### Exercise objective:
Print only the lines running from the line with "Doron Abrahami, CEO" to the final line below, both included, exactly as written and without the pictures.
(Data shown)
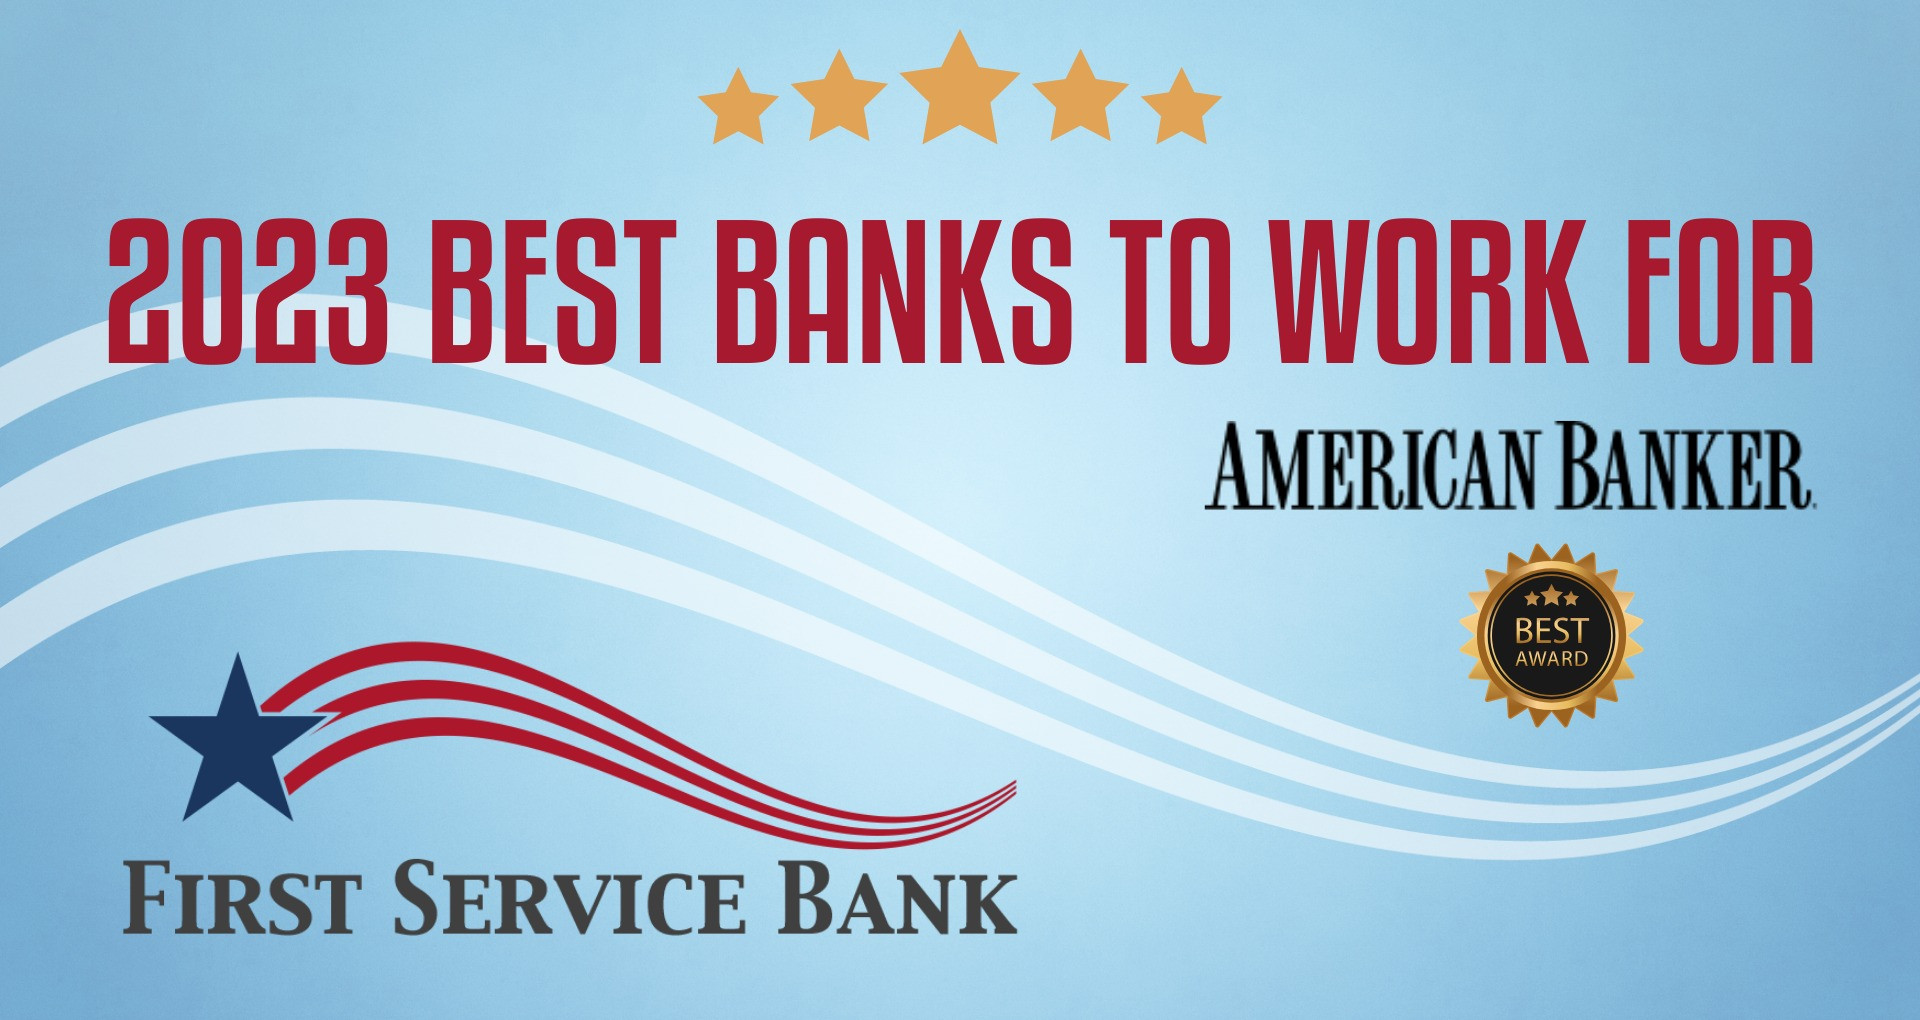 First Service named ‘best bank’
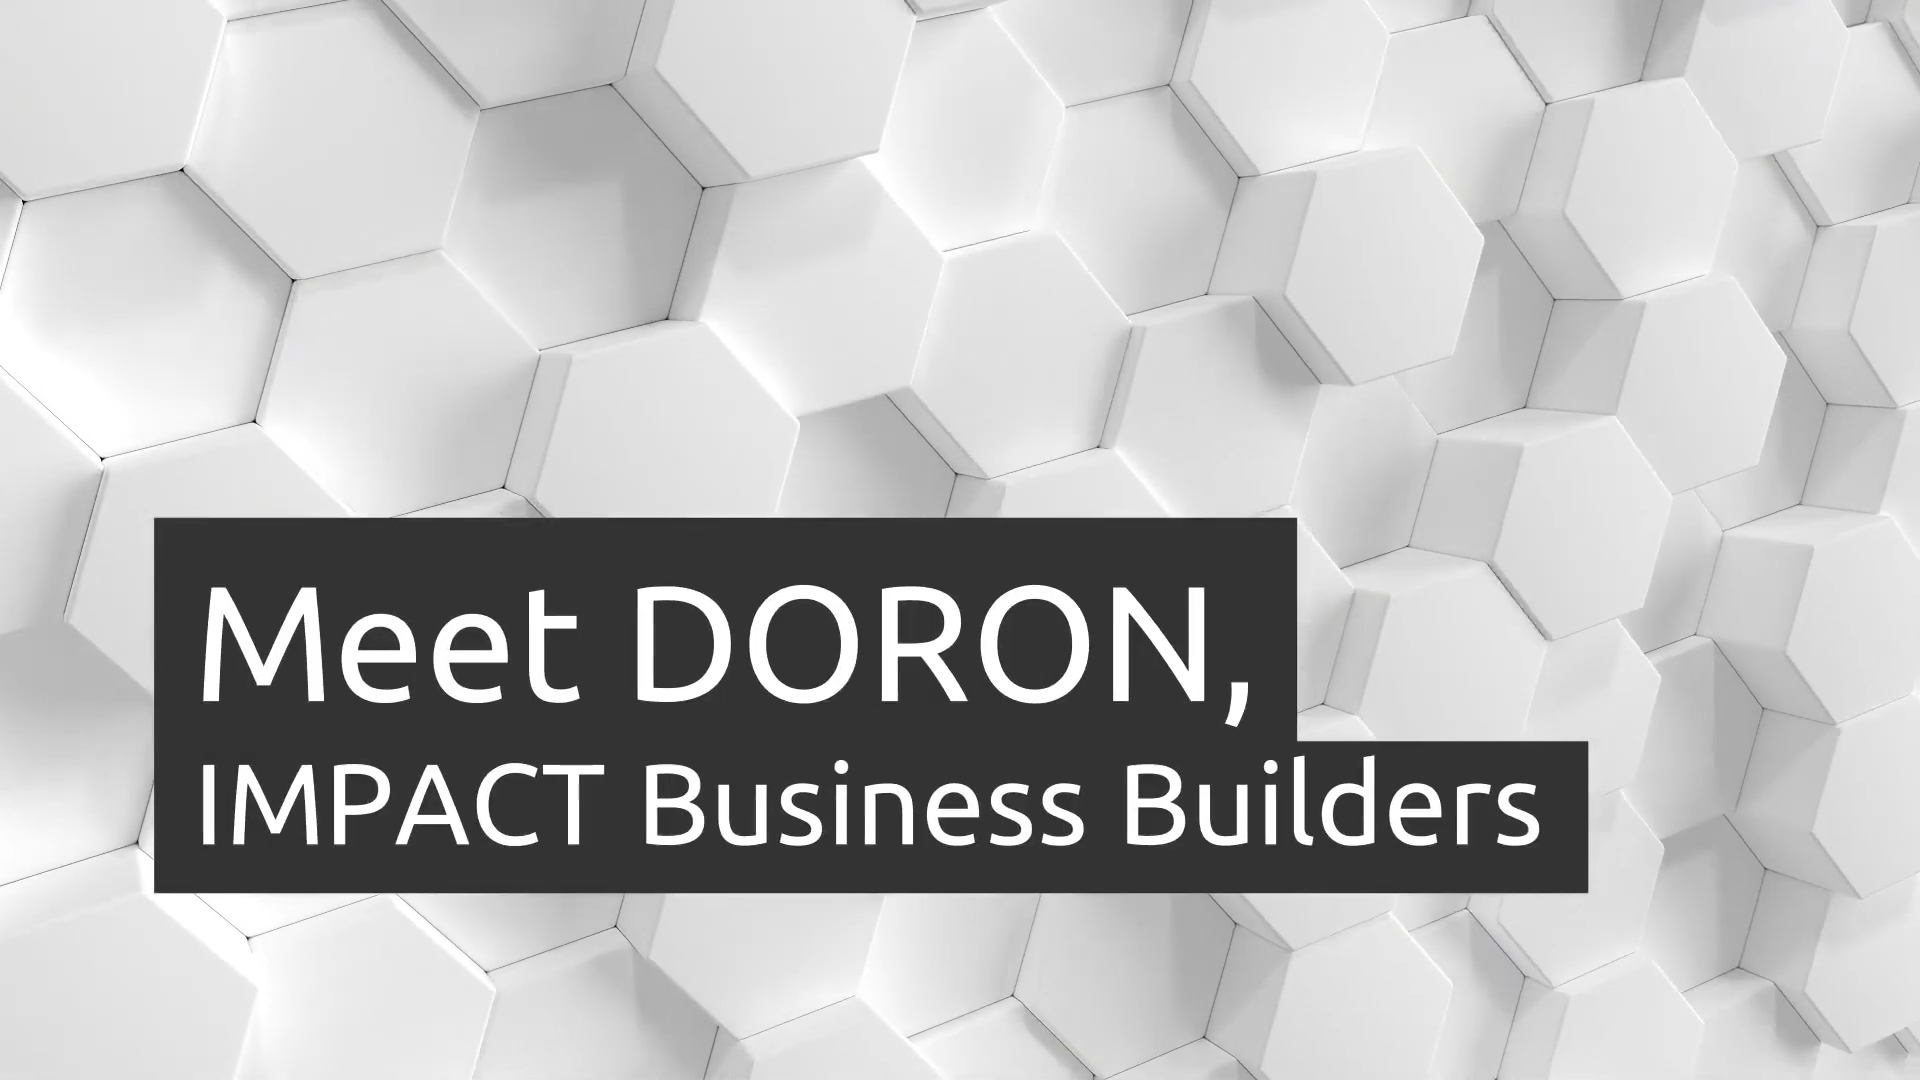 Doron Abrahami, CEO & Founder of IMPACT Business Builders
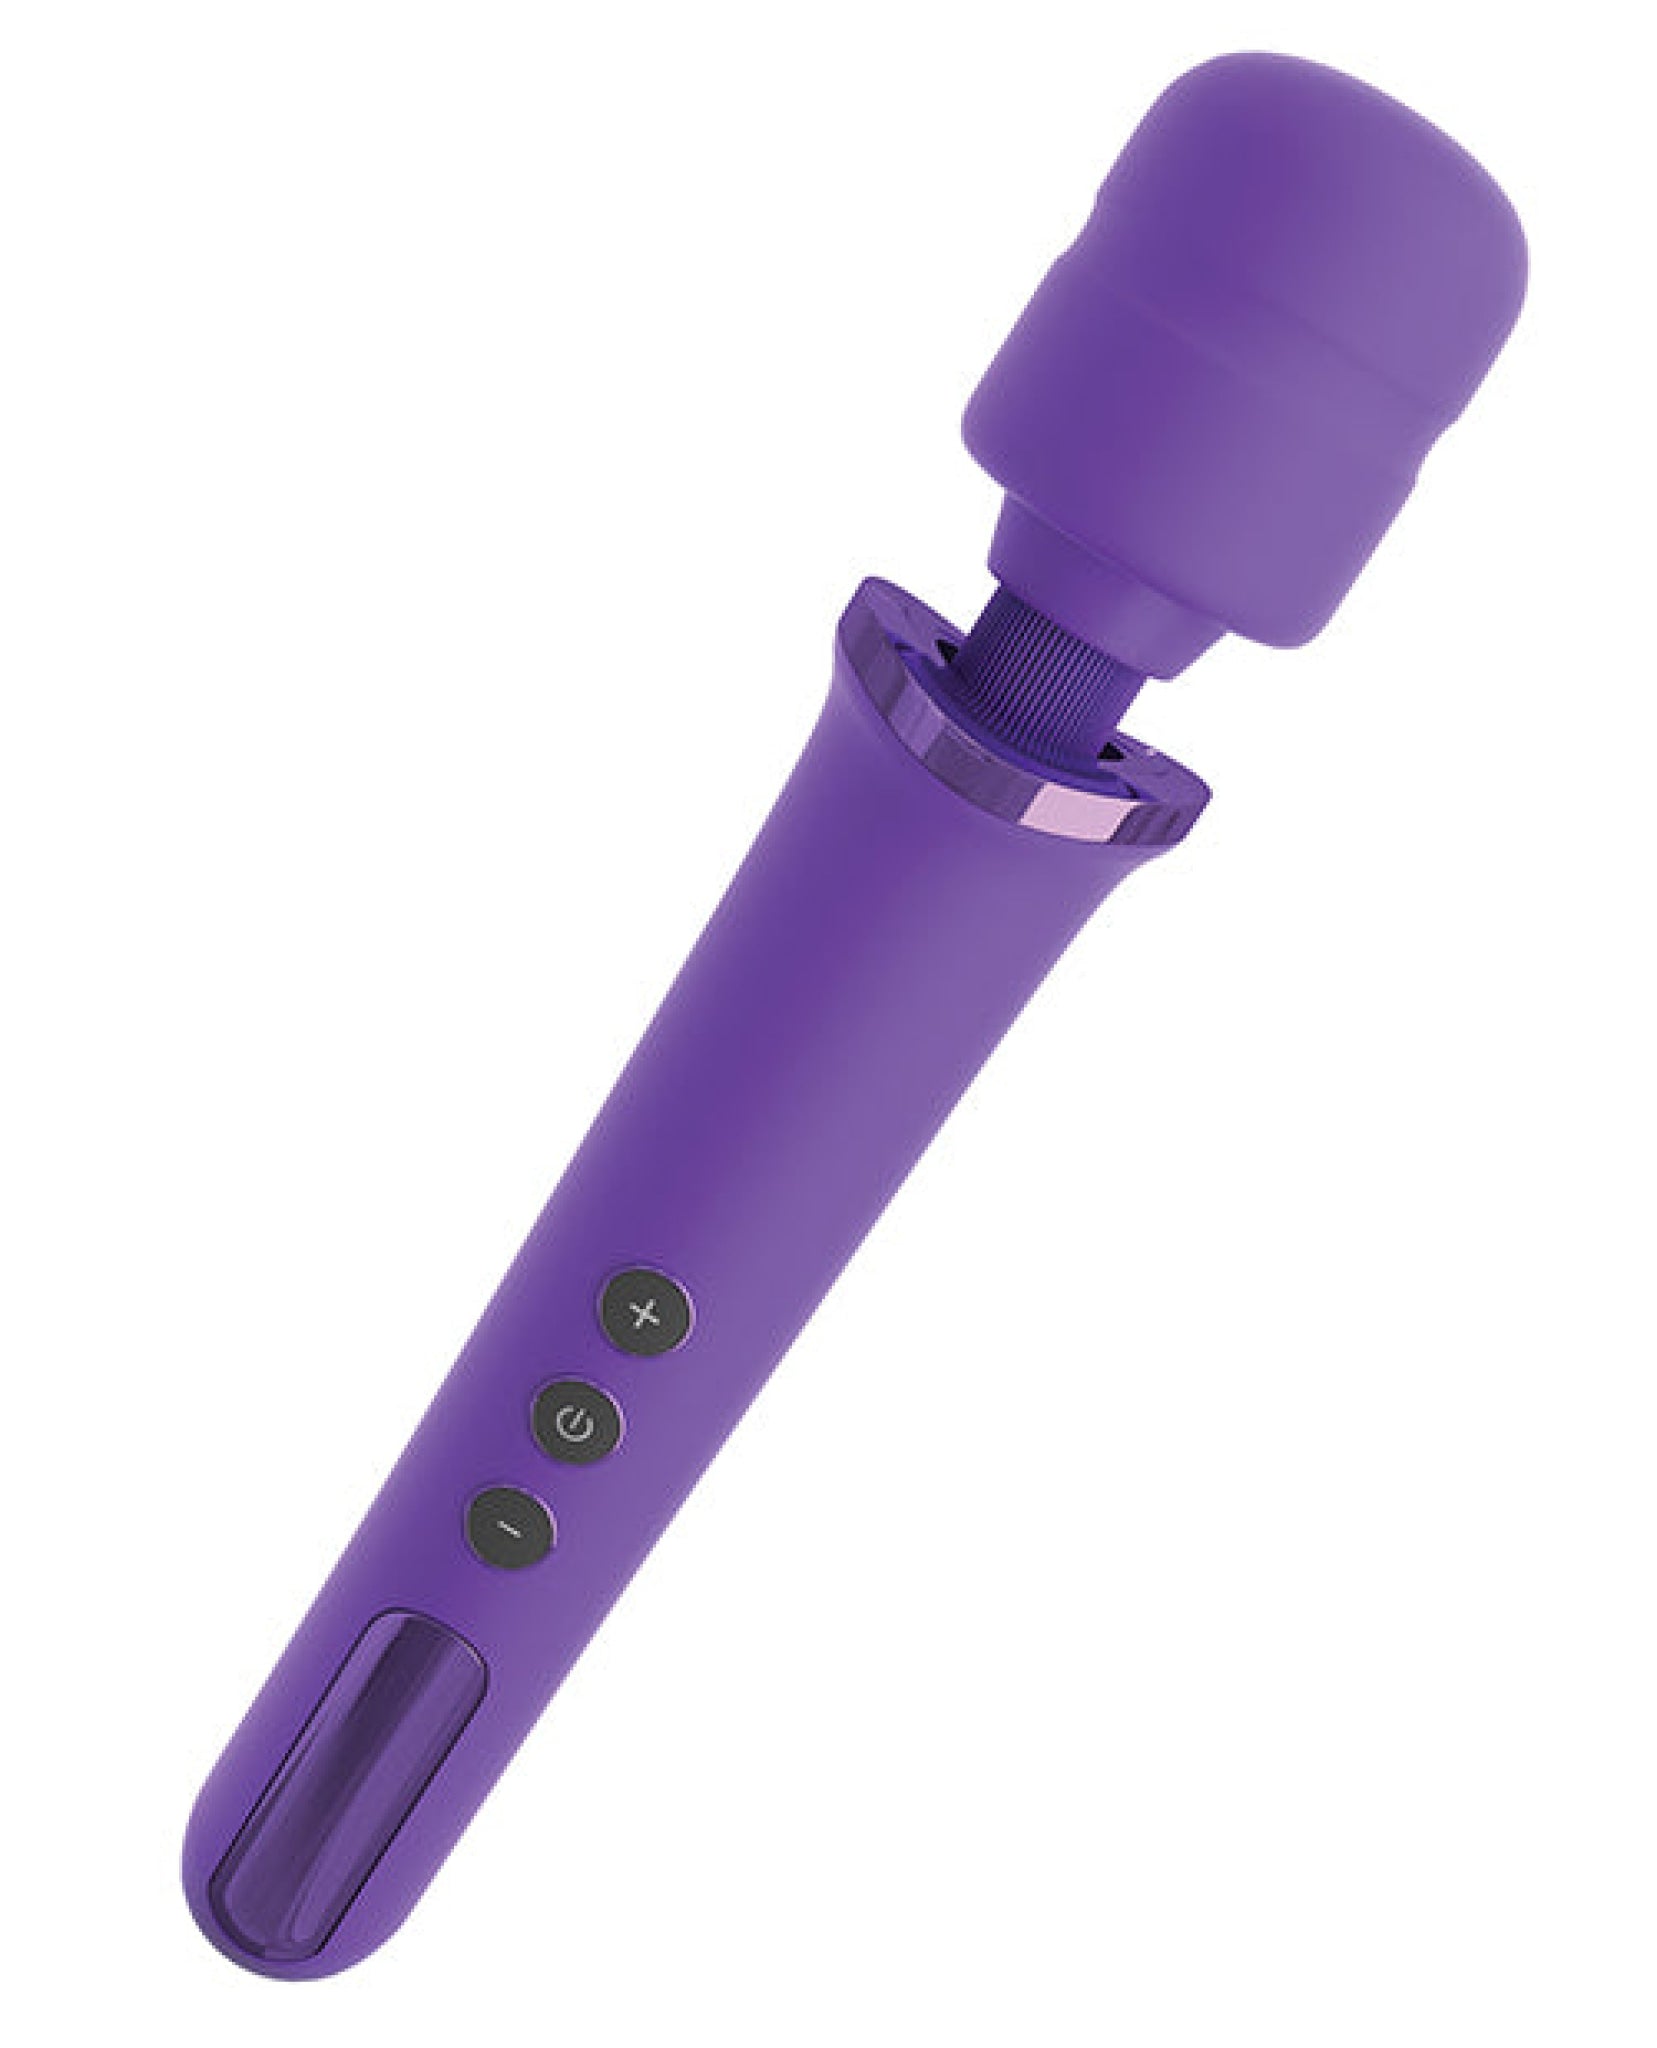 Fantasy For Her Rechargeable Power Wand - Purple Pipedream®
(End Data shown)
### Exercise response:
 Doron Abrahami, CEO & Founder of IMPACT Business Builders
 Fantasy For Her Rechargeable Power Wand - Purple Pipedream®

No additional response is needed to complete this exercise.